Do not overeat any sweets or snacks as it will add up to the overall calorie intake. “Try preparing food items at home so that the ingredients can be modified into healthy ones. Replace the maida with whole wheat flour and sugar with organic jaggery. Use skimmed / low fat milk to prepare thandai,” says Shraddha Gadit, senior nutritionist, Gold’s Gym Fitness Institute.
It is very easy to get tempted and go for an extra serving of your delectable sweets but be mindful while eating. “The thumb rule is – to taste everything but stay away from eating too much. Keep a check on your calorie consumption and instead of a full serving, try to take a spoonful to satisfy your taste buds,” says Swatee Sandhan, Senior Dietitian, Jupiter Hospital, Pune.

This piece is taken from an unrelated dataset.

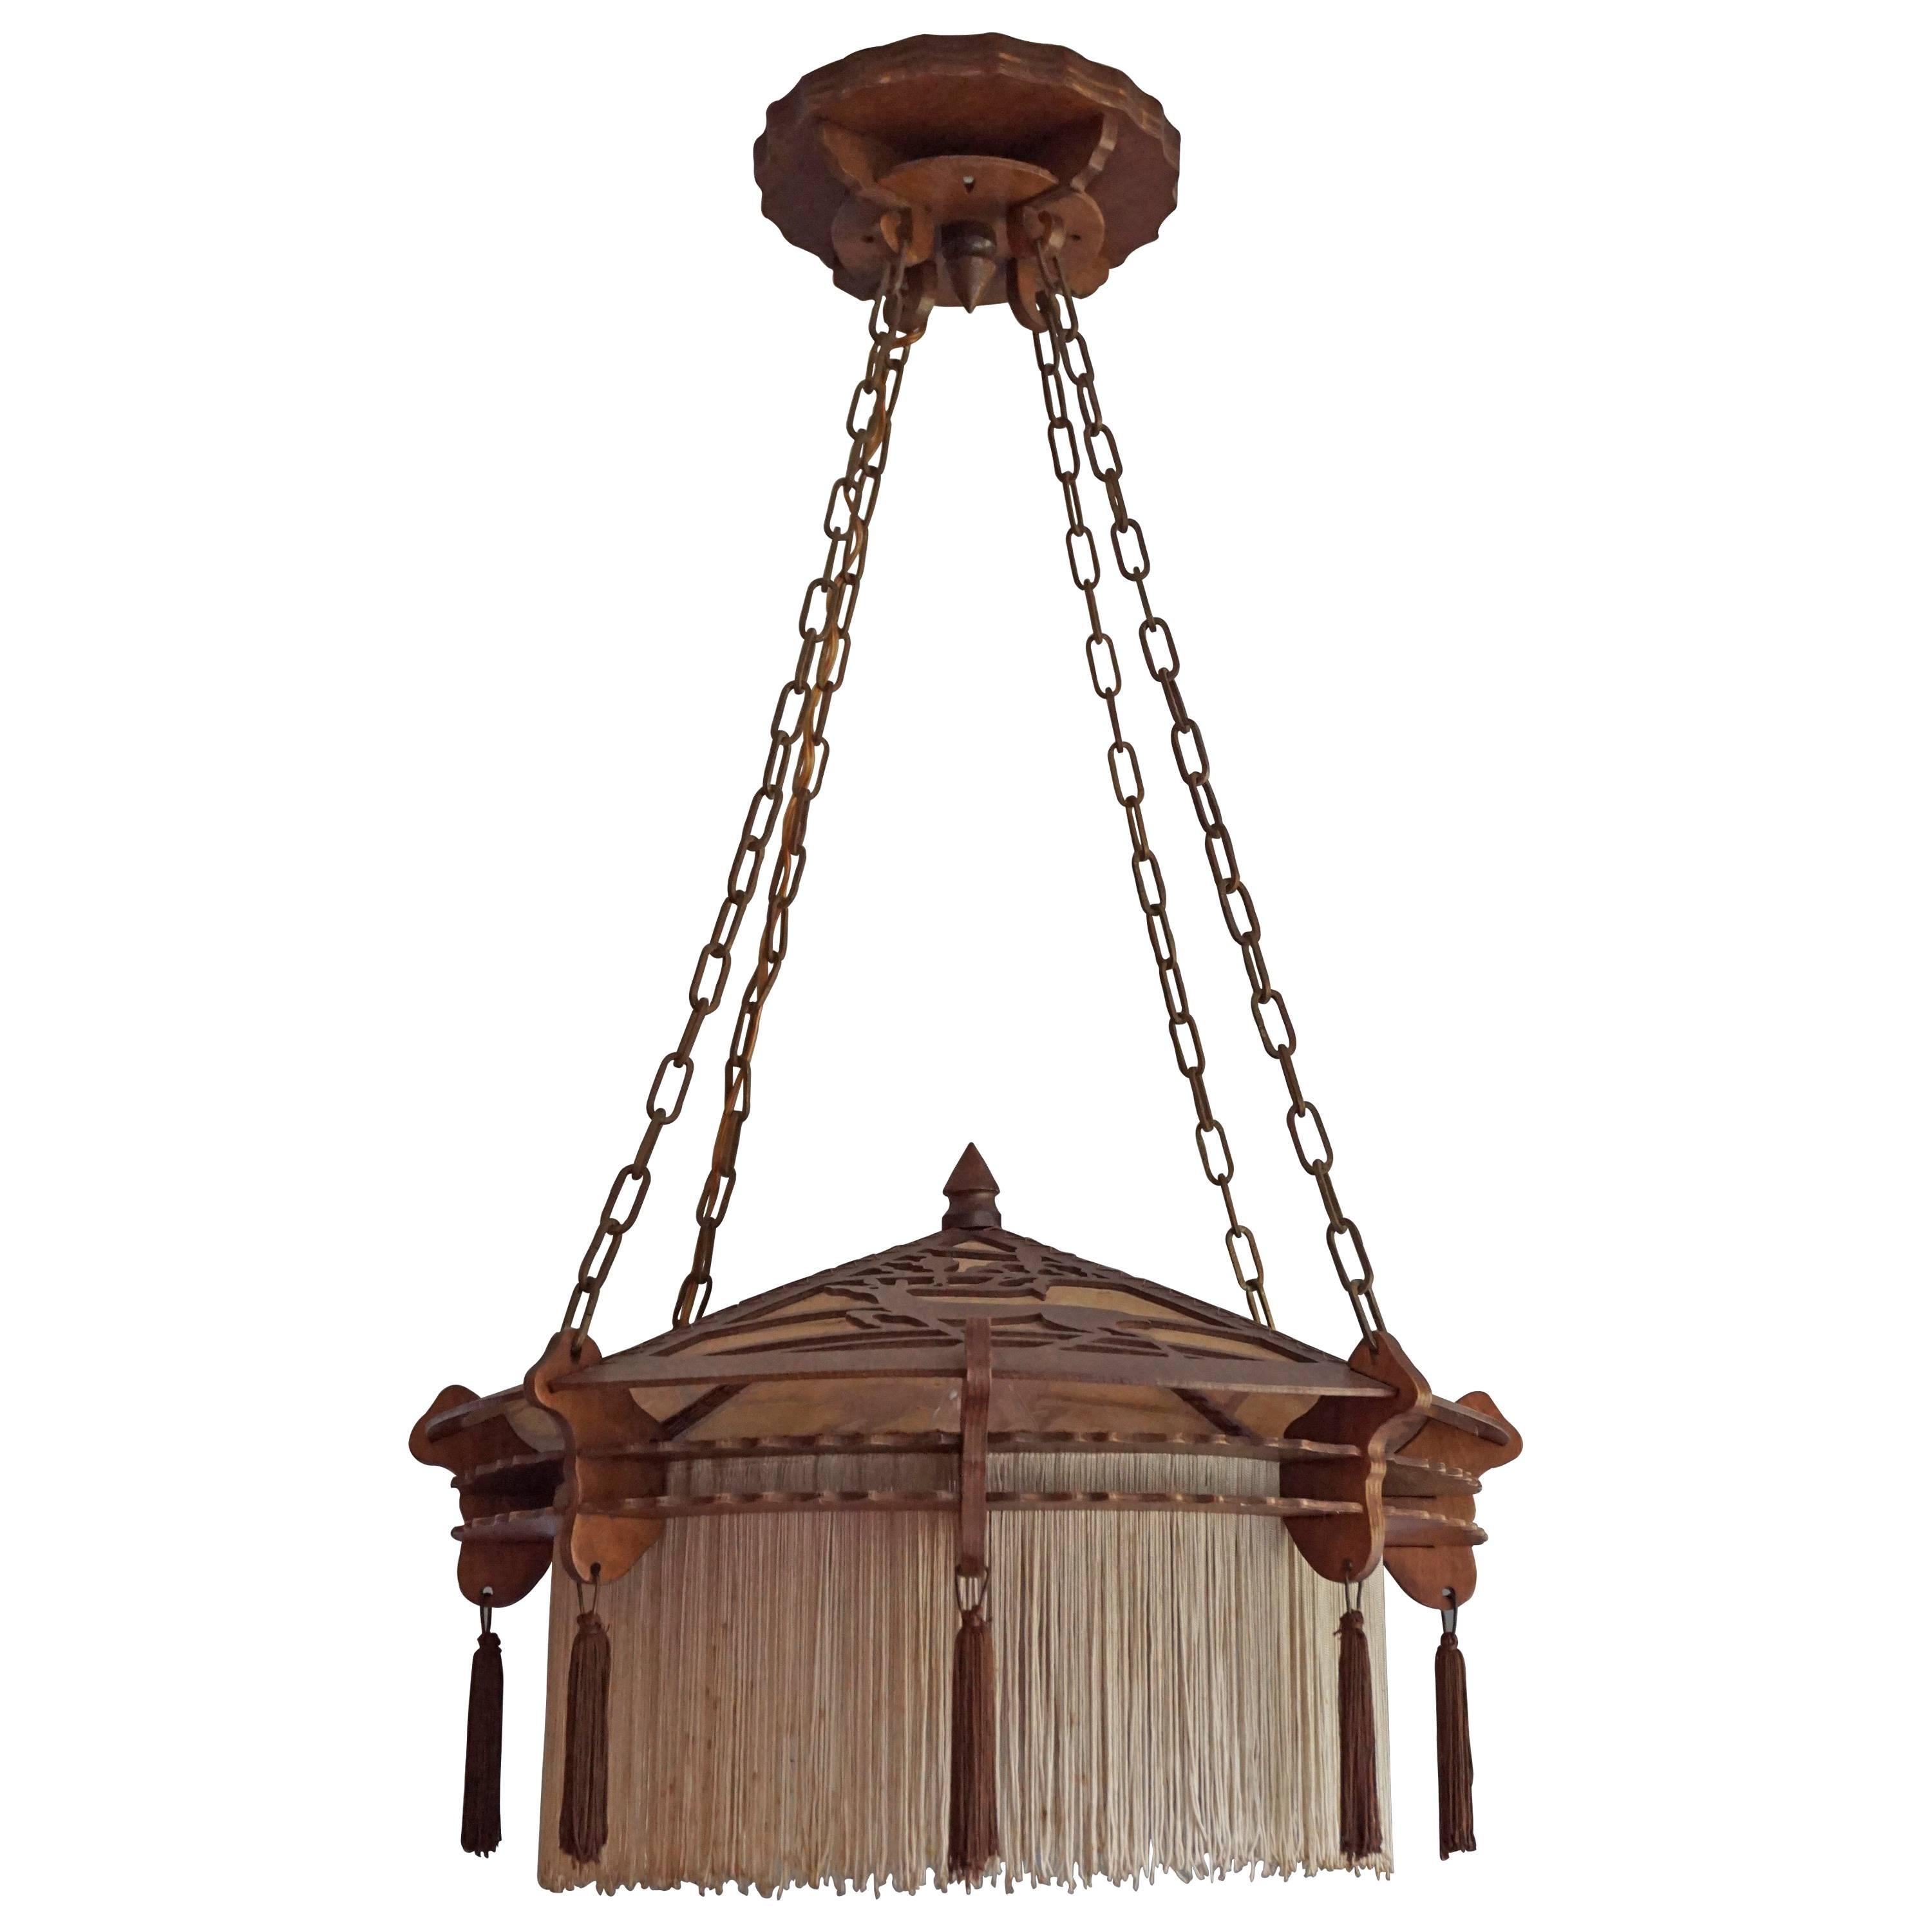 Early 20th Century Arts & Crafts Handsawn Wooden Pendant with Tassels & Fringes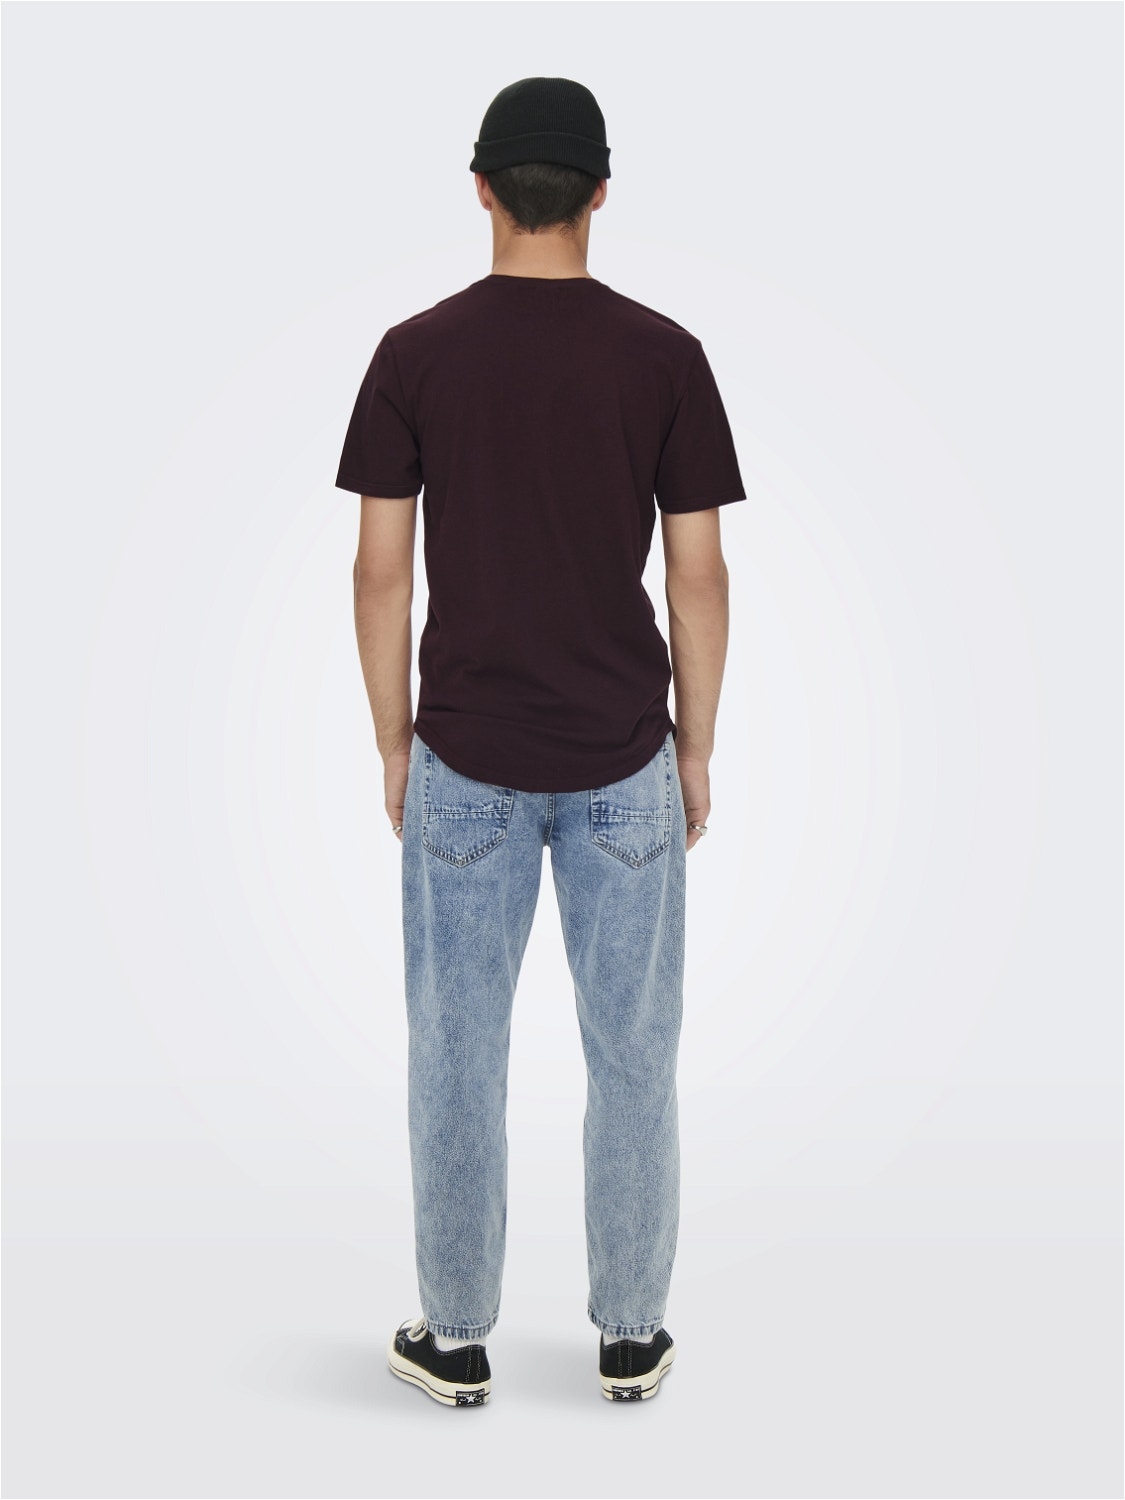 ONLY & SONS Long Line Fit Round Neck T-Shirt -Fudge - 22002973

Have a healthy meal beforehand. “Before going full-throttle on festive mode, eat a salad or a bowl filled with oats which will keep you from starving or overconsumption during the Holi celebration. It will help you to feel fuller for longer,” says Avni Kaul, Nutritionist, Nutri Activania.
“Stay away from sugary cocktails and mocktails - ask for a honey alternative instead,” believes Shriya Wadhwa, nutrition expert, Zama Organics.
Instead of indulging in unhealthy delicacies one should opt for healthy options this would help achieve the goal of eating right during Holi. “A few healthy options that I’d recommend would be, sprouts bhel, moong dal chilla and hot shakarkandi chaat,” says Seema Jindal Jajodia, nutrition expert, Nourish Organics.
Make sure to have a well-balanced nutrient-dense breakfast rich in antioxidants & vitamin D that consists of healthy fats, protein and fiber, suggests Veronica Kumra, Nutritionist. “This will work as a protective shield for your lungs and your hunger. And make it easier for you to be around food & alcohol and not eat/drink it,” adds Kumra.